Maybe that will help maybe it won't but the above links seem pretty straight forward on the criteria and 'unique attractions' on the specific Utah designated Blue Ribbon waters. But maybe someone else has more intel...

Possibly Mr. Drew Cushing and/or Amy from the DWR will also respond...again great question. OBTW welcome to the Forum...


----------



## Pez Gallo (Dec 27, 2007)

yeah, Blue Ribbon is now synonymous with private/No access.
check out the list


----------



## poiboy (Nov 18, 2010)

k2muskie, thanks for the links.


----------



## trout bum (Oct 5, 2010)

I have my own idea of a "blue ribbon" stream I guess. Some people are happy with fishing a river that runs through a landfill as long as they are catching fish. And thats okay. That is thier perogitive. For me, a succesfull day on the water has nothing to do with fish numbers or size. It is all about the experience as a whole. The opportunity to fish a beautiful river flowing through a a nice canyon or valley.

Criteria:
1. Water quality and quantity. A body of water — warm or cold, flowing or flat — will be considered for Blue Ribbon status if it has sufficient water quality and quantity to sustain a viable fishery.
2. The water must be accessible to the public.
3. The body of water should possess a natural capacity to produce and maintain a sustainable recreational fishery. Management strategies that will consistently produce fish of significant size and/or numbers to provide a quality experience.
4. The water must be able to withstand angling pressure.
5. Selection may be based on a specific species.


1. Can the water quality and quantity sustain a viable fishery? Yes
2. Is the water accessible to the public? Some of it. And as I asked before, is this a tax payer funded project to improve stream habitat on private property that we can no longer use?
3.Will it produce fish of a significant size/and or quantity to provide a quality experience? Probably. Depends on your view of "quality experience".
4.Can it withstand the angling pressure?
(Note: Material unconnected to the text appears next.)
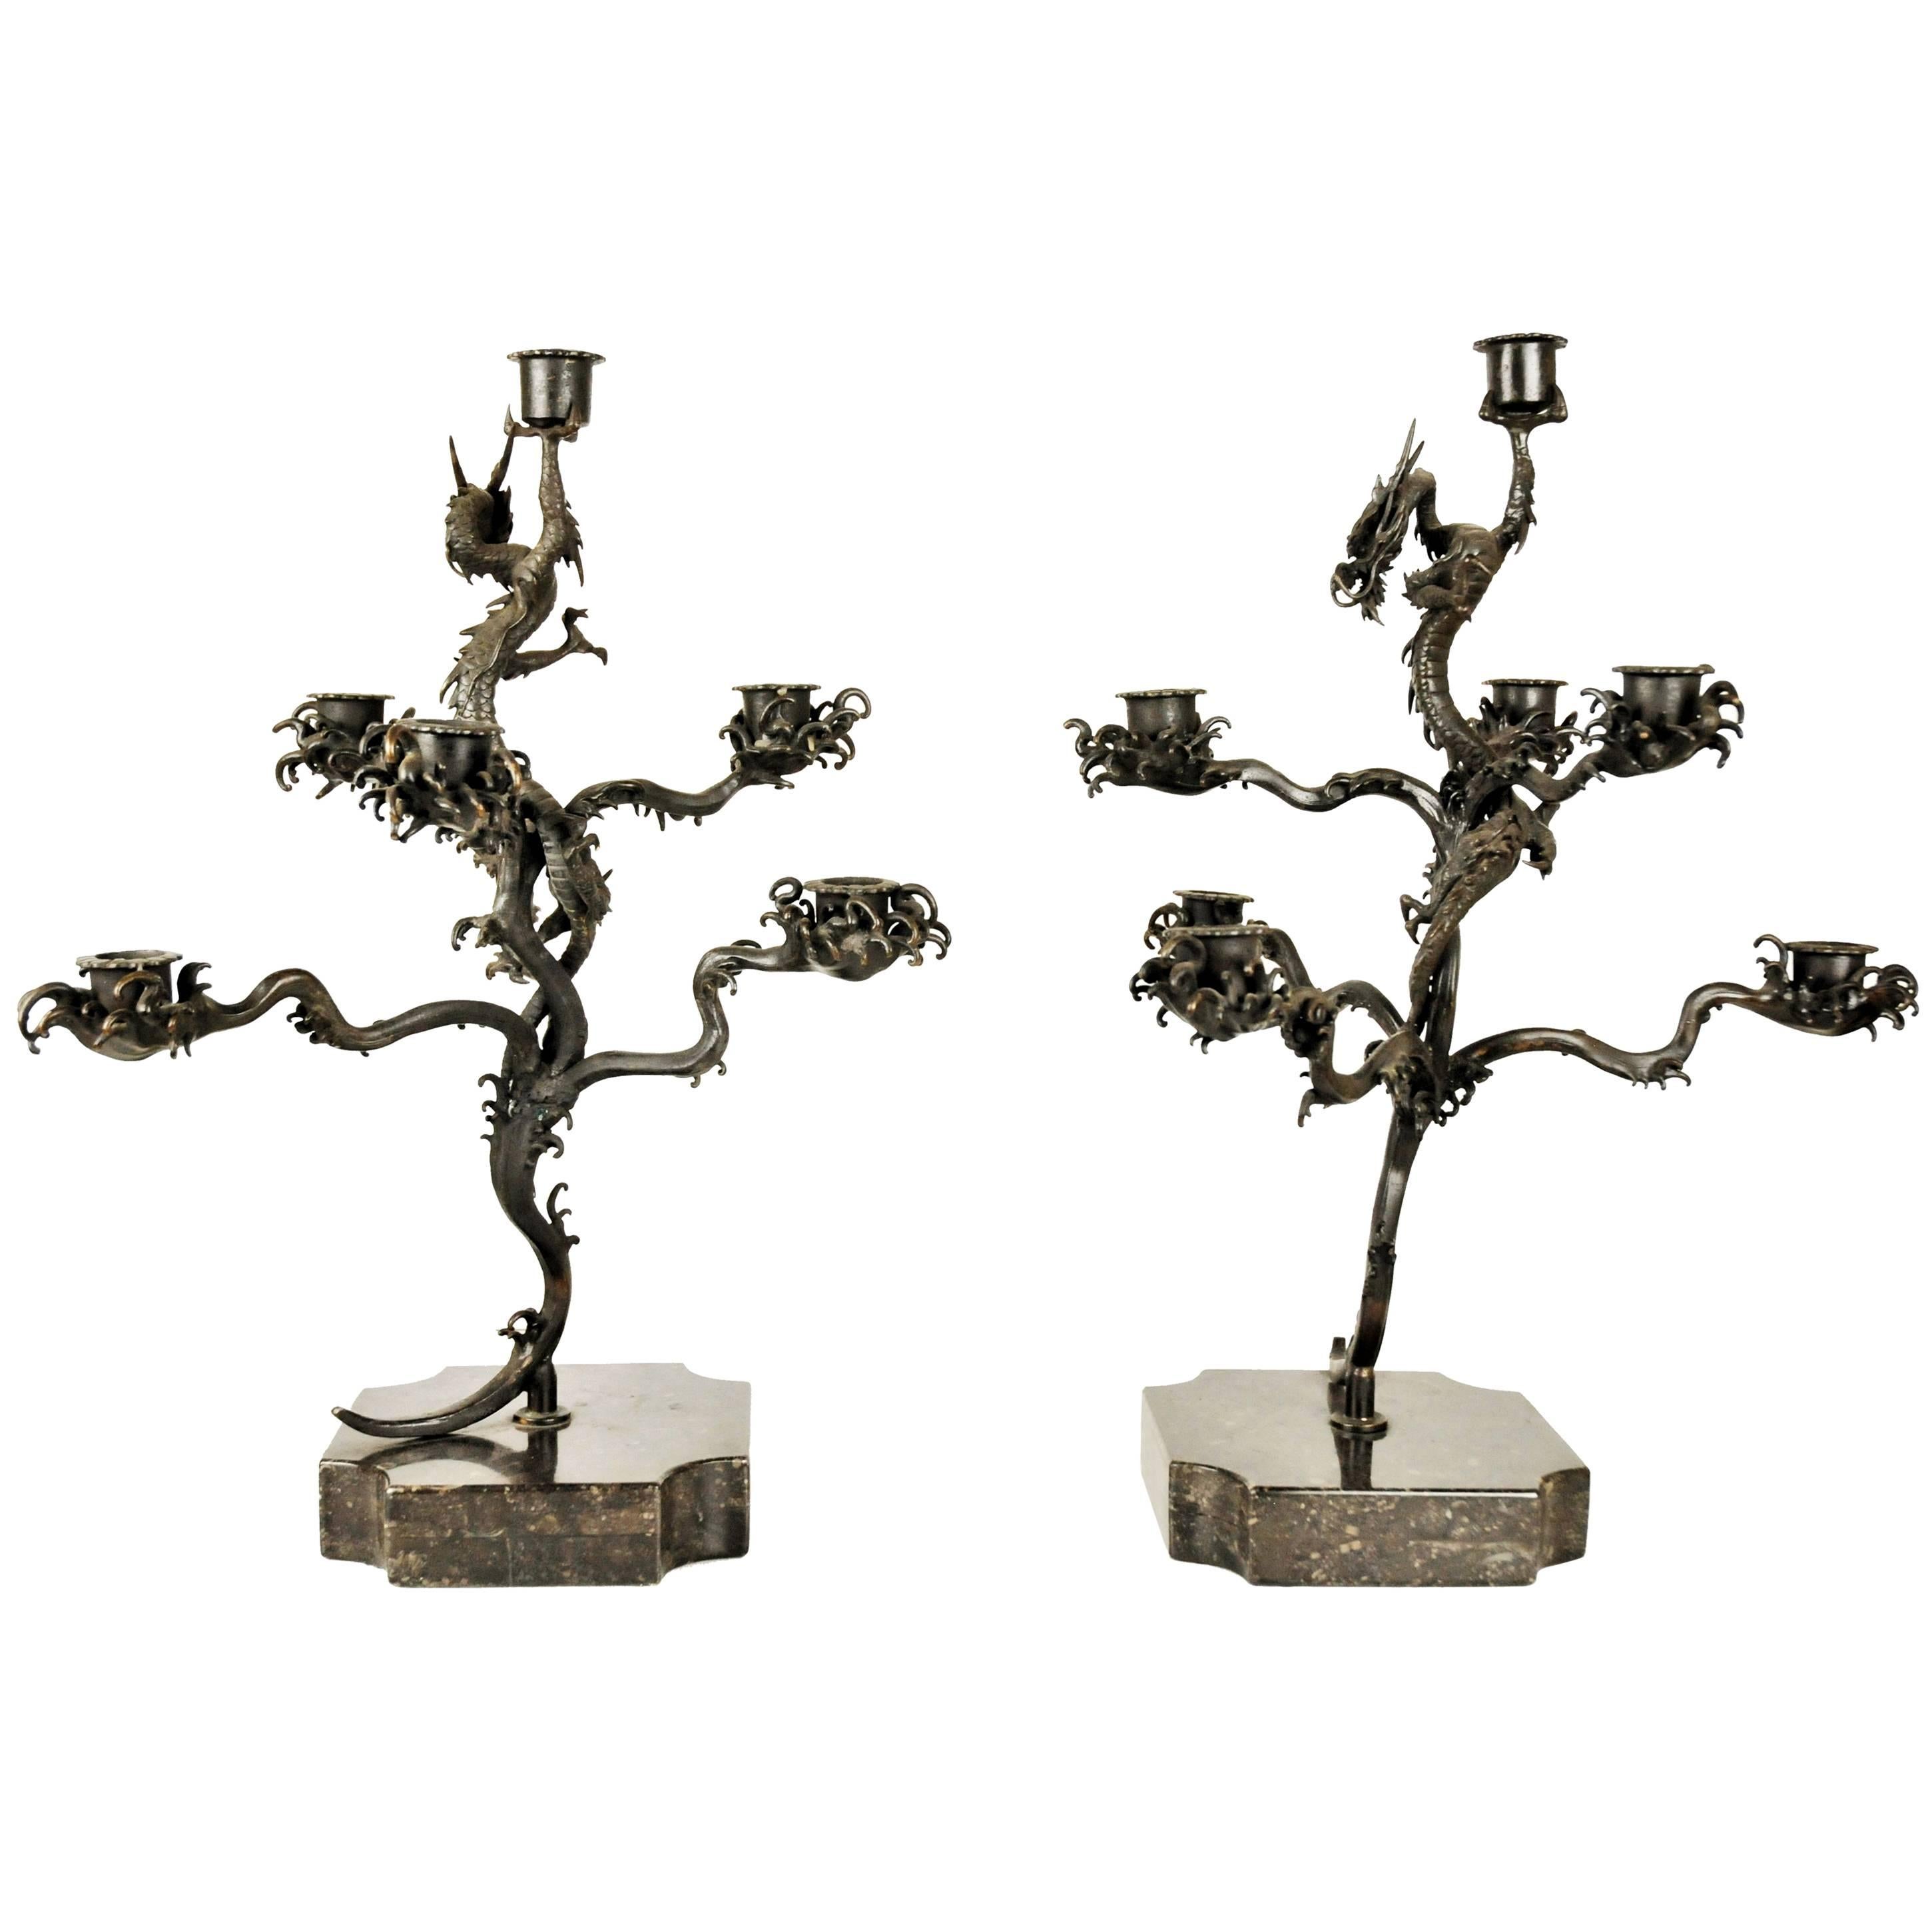 Pair of Japanese Patinated Bronze Candelabras, Meiji Period, ca. 1900 For Sale
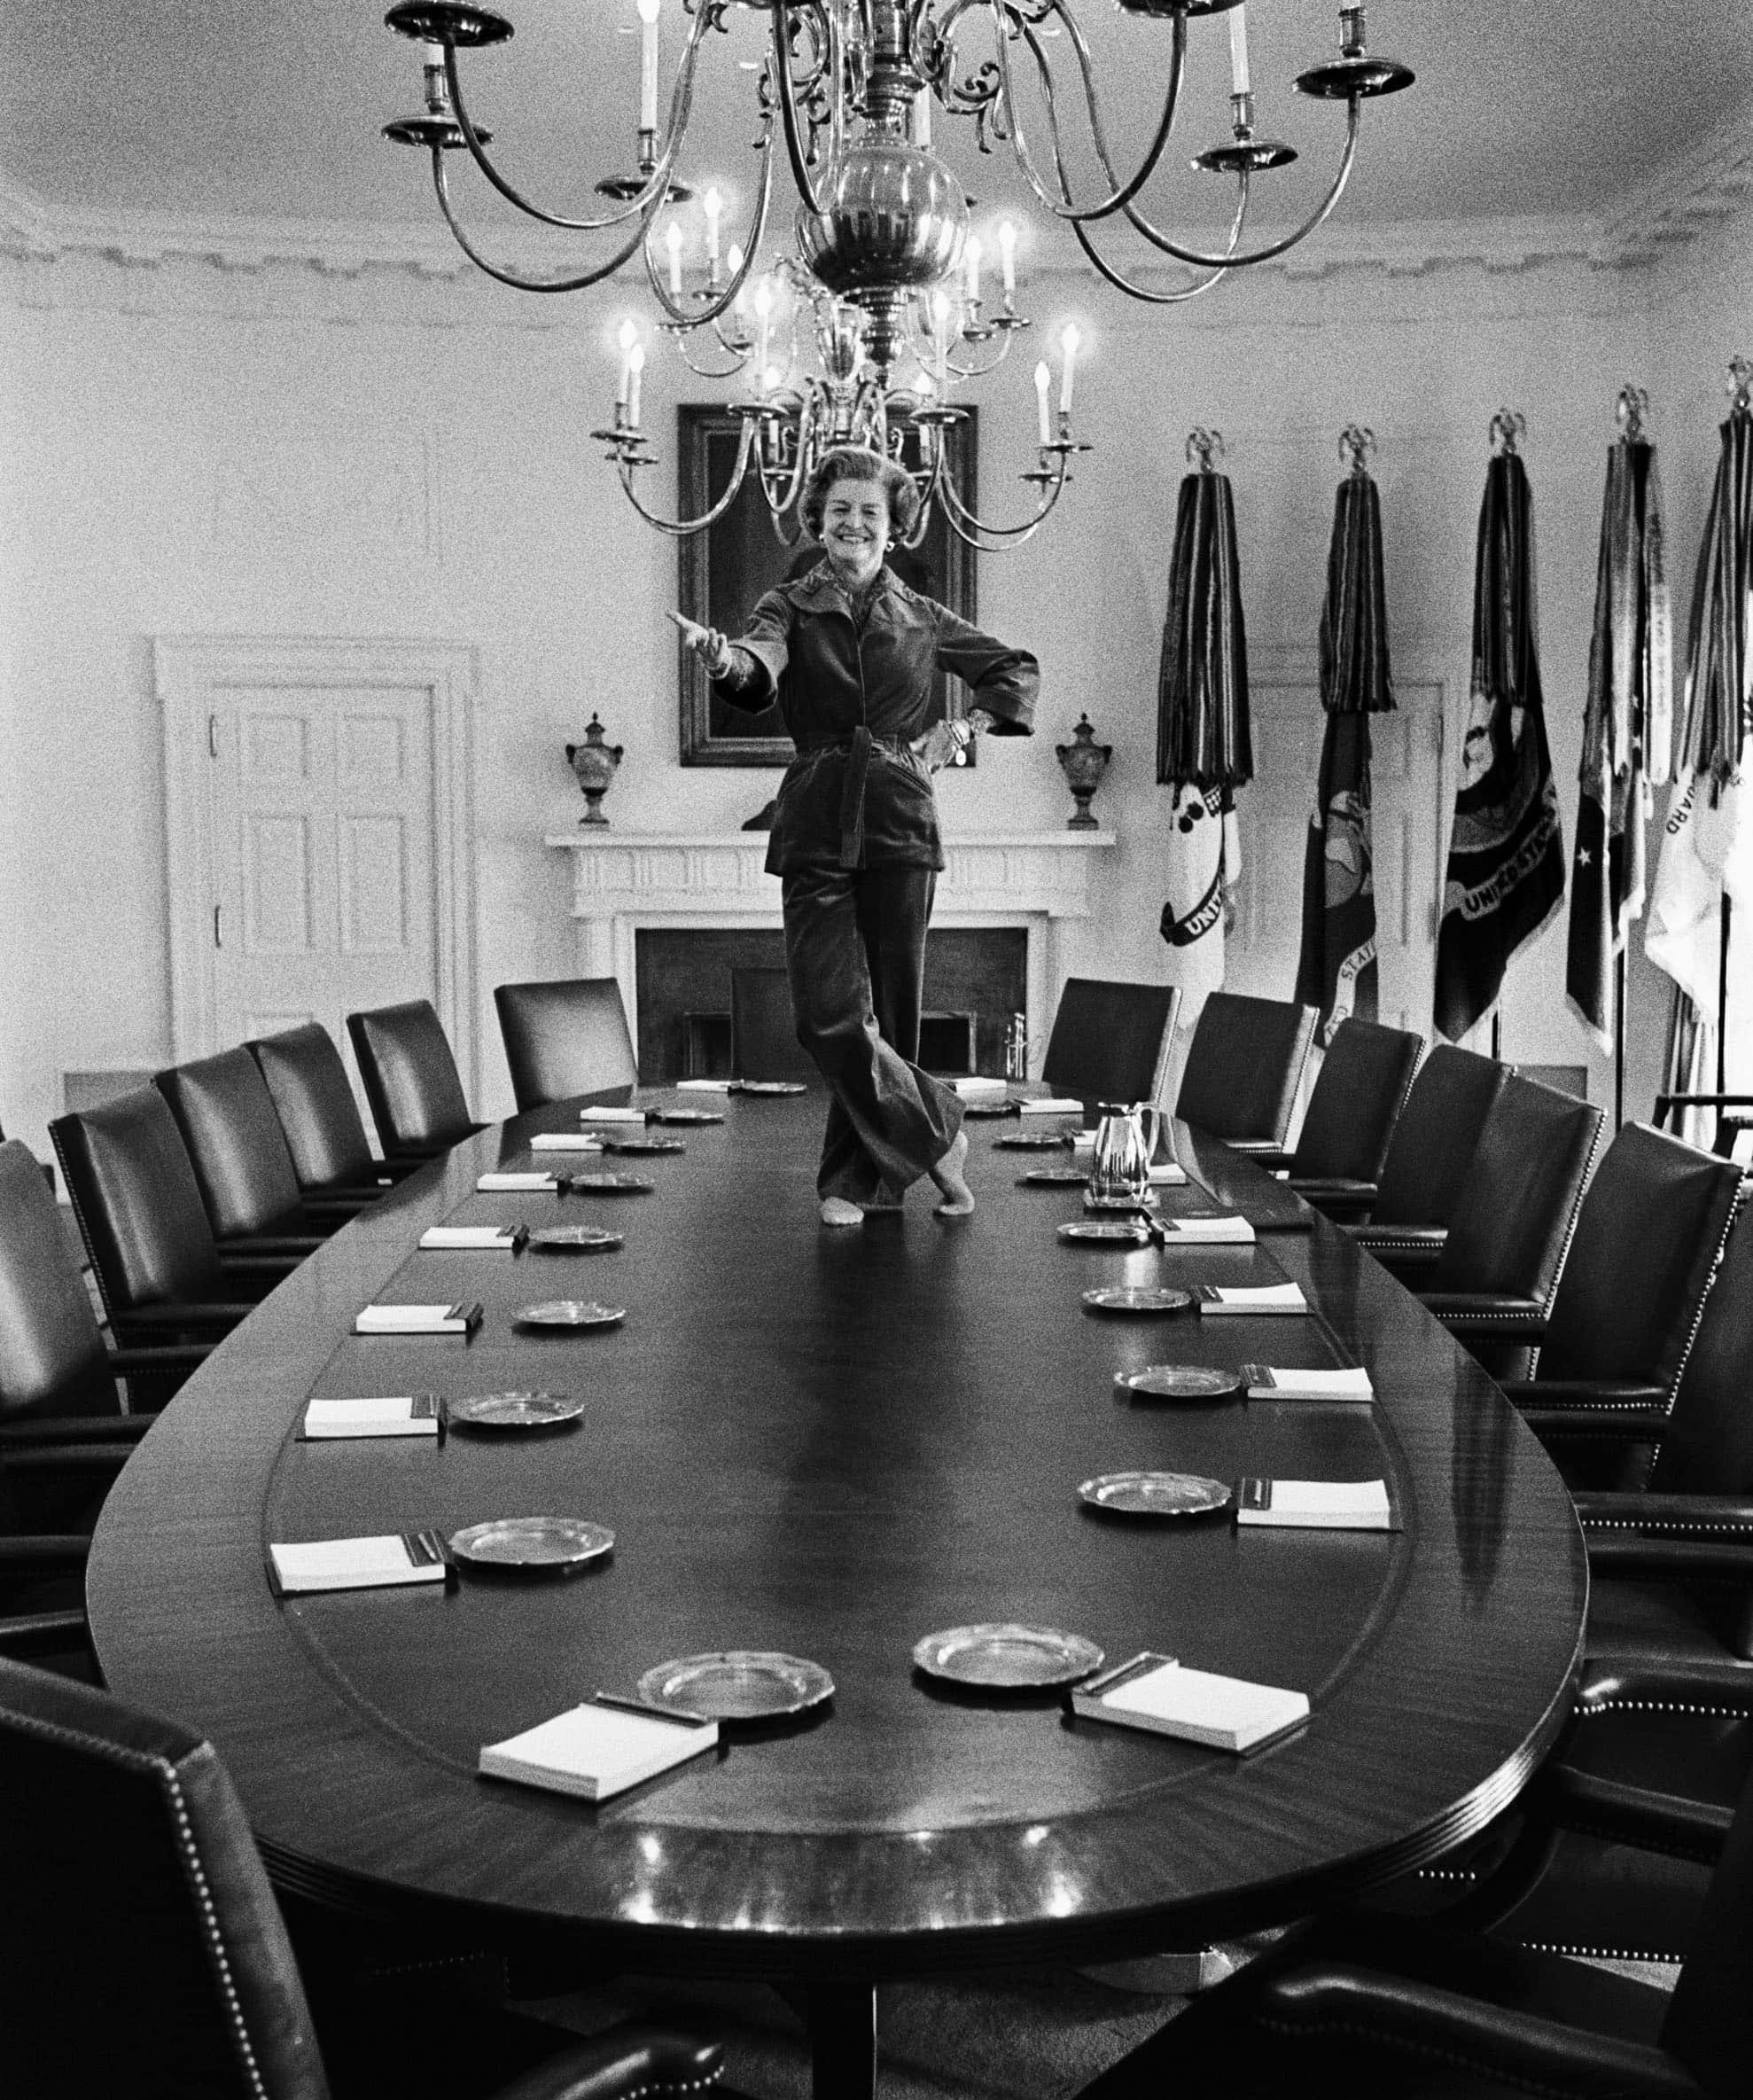 The Real Betty Ford on The Cabinet Room Table (Kennerly)

Yet to be determined.
5.Selection may be based on a specific species. Any trout caught on a fly is a trophy in my book.

I dont know if the Ogden will ever be given "blue ribbon"status but in my view I believe the label "blue ribbon" should be reserved for higher quality rivers. I have lived in North Ogden for 33 years and I know what happens to things that are reconstructed in Ogden. After the newness wears off. The river corridor may look nice for a while but I dont believe it will last. I hope Im wrong.


----------



## trout bum (Oct 5, 2010)

Pez Gallo said:


> yeah, Blue Ribbon is now synonymous with private/No access.
> check out the list


All of those "blue ribbon" rivers that flow on private property should be taken off the list.

Note criteria #4
"The water must be accessible to the public"


----------



## kochanut (Jan 10, 2010)

Pez Gallo said:


> yeah, Blue Ribbon is now synonymous with private/No access.
> check out the list


unfortunatly this is true. in the state of Utah when a river is called blue ribbon it means that someone is going to make money by charging average joe utahan money to fish it. in utah blue ribbon means private property


----------



## PBH (Nov 7, 2007)

kochanut said:


> unfortunatly this is true. in the state of Utah when a river is called blue ribbon it means that someone is going to make money by charging average joe utahan money to fish it. in utah blue ribbon means private property


I disagree. I think the whole stream access battle is a separate issue, and should not be confused with the Blue Ribbon PROGRAM.

the Blue Ribbon program has been a success for EVERY water that has been affected by Blue Ribbon program. Regardless of current legislative problems, and legal issues that are out of the control of the BRFAC, those streams have benefited from the Blue Ribbon program.

this is a little bit like the deer management mess currently going on. People are more concerned currently about how the anglers are affected, than how the stream/fish are affected. If the stream and fish can benefit from the Blue Ribbon program, how can that be a bad thing?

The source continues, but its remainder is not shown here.